1. Вскрытие и диссоциации эпителиальных клетках кишечника

Подготовка реагентов и оборудования:

• Теплый Ca ^{2 +} / Mg ^{2 +} без PBS (CMF PBS) до комнатной температуры.
• Теплый Ca ^{2 +} / Mg ^{2 +} без HBSS с 5% FBS (CMF HBSS / FBS) и на 2 мм ЭДТА до комнатной температуры.
• Теплый Орбитальный шейкер до 37 ° C.

Примечание: Шаги 1.1 до 1.7 должны быть выполнены как можно быстрее, чтобы свести к минимуму степень клеточной смерти и для достижения максимальной доходности клетки.

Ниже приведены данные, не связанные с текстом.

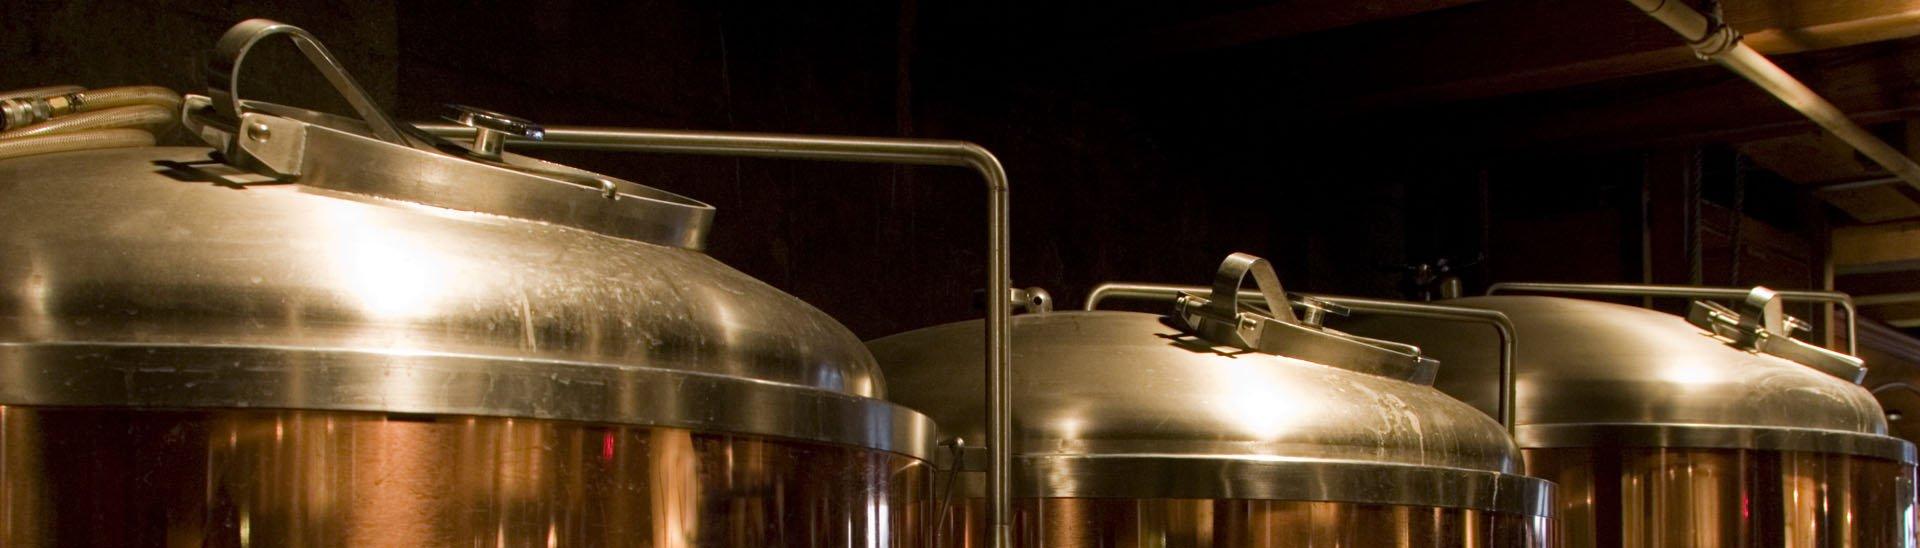 Craft Brewery Insurance

1. Усыпить мышей в CO ₂ камеры и спрей 70% этанола на брюшной полости и грудной клетки.
2. Сделайте небольшой горизонтальный разрез в середине живота с ножницами и отогните кожи подвергать брюшины.
3. Приступить к отделить живот от верхней части тонкой кишки за счет сокращения на пилорический сфинктер. Дразните от брыжейки с пинцетом и сократить раз вподвздошно-слепой кишки клапана, чтобы освободить весь тонкий кишечник из толстой кишки. Сделайте надрез на ануса и снова дразнят друг от друга до брыжейки толстой кишки является бесплатным.
4. Разрежьте продольно толстой кишки с помощью ножниц и смыть фекального содержимого и слизи из просвета кишечника в CMF PBS при комнатной температуре.
5. Используйте ножницы и щипцы для макроскопически рассекать из патчей Пейера по борьбе с брыжеечной поверхности тонкой кишки и разрезать тонкой кишке продольно.
6. Вымойте небольшой просвет кишечника фекальные содержание и слизи в CMF PBS при комнатной температуре.
7. Отдельно вырезать небольшие / толстой кишки на 1,5 см кусочки и поместите в отдельную 50 мл конические пробирки, содержащие 30 мл подогретого CMF HBSS / FBS и 2 мМ ЭДТА. Не добавляйте более 1 кишечника на 50 мл коническую трубку.
8. Горизонтально разместить по 50 мл коническую трубку в орбитальный шейкер и потрясите для 250 оборотов в минуту в течение 20 мин при 37 ° C.
9. Поместите один фильтр сетки над отходами ведро и залейте содержимое по 50 мл коническую трубку, через восстановление части 1,5 см кишечника и поместить их в отдельный 50 мл конические пробирки, содержащие 30 мл подогретого CHBSS / FBS 2 мМ ЭДТА.
10. Повторите 1.8.

2. Пищеварение тканей и выделение клеток кишечника

Подготовка реагентов и оборудования:

• Коллагеназы решение: 1,5 мг / мл Тип VIII коллагеназы растворяется в предварительно нагретой CMF HBSS / FBS с 40 мкг / мл ДНКазы I.
• Предварительно нагретый CMF HBSS / FBS и 2 мМ ЭДТА.
• Предварительно нагретый орбитальном шейкере при температуре 37 ° C.
• Ледяной CMF HBSS / FBS.

1. После второго тура дрожь, вылейте содержимое по 50 мл коническую трубку через сито и передачи части 1,5 см кишечника в небольших пластиковых вес лодки после вытирать излишки носителя с помощью бумажного полотенца.
2. Быстро фарш 10,5 см части кишечника с помощью ножниц прямо на вес лодки и добавить рубленые кишечнике до 20 мл коллагеназы решение. Горизонтально разместить по 50 мл коническую трубку в орбитальном шейкере и дайджест на 200 оборотов в минуту в течение 10-20 минут при температуре 37 ° C. Пожалуйста, см. ниже по оптимизации.
3. Кратко вихрь для обеспечения тщательного диссоциации оставшиеся ткани кишечника и процеживают через 100 мкм ячейка фильтр непосредственно в 50 мл коническую трубку.
4. Топ с каждым 50 мл коническую трубку с CMF HBSS / FBS и центрифуги в 1500 оборотов в минуту в течение 5 мин при 4 ° C. Если твердый осадок не наблюдается толстой кишки после центрифугирования образца, пробы должны быть снова центрифугировали в течение 3,5 мин. Повторите этот шаг мыть еще раз.
5. Слейте надосадочную и ресуспендируют осадок клеток в ледяной CMF HBSS / FBS и место образцы на льду.
6. Перейдите к разделу 3 для FACS приобретение / или анализа в разделе 4 магнитных шарика обогащения для высокоскоростного клетки сортировонг.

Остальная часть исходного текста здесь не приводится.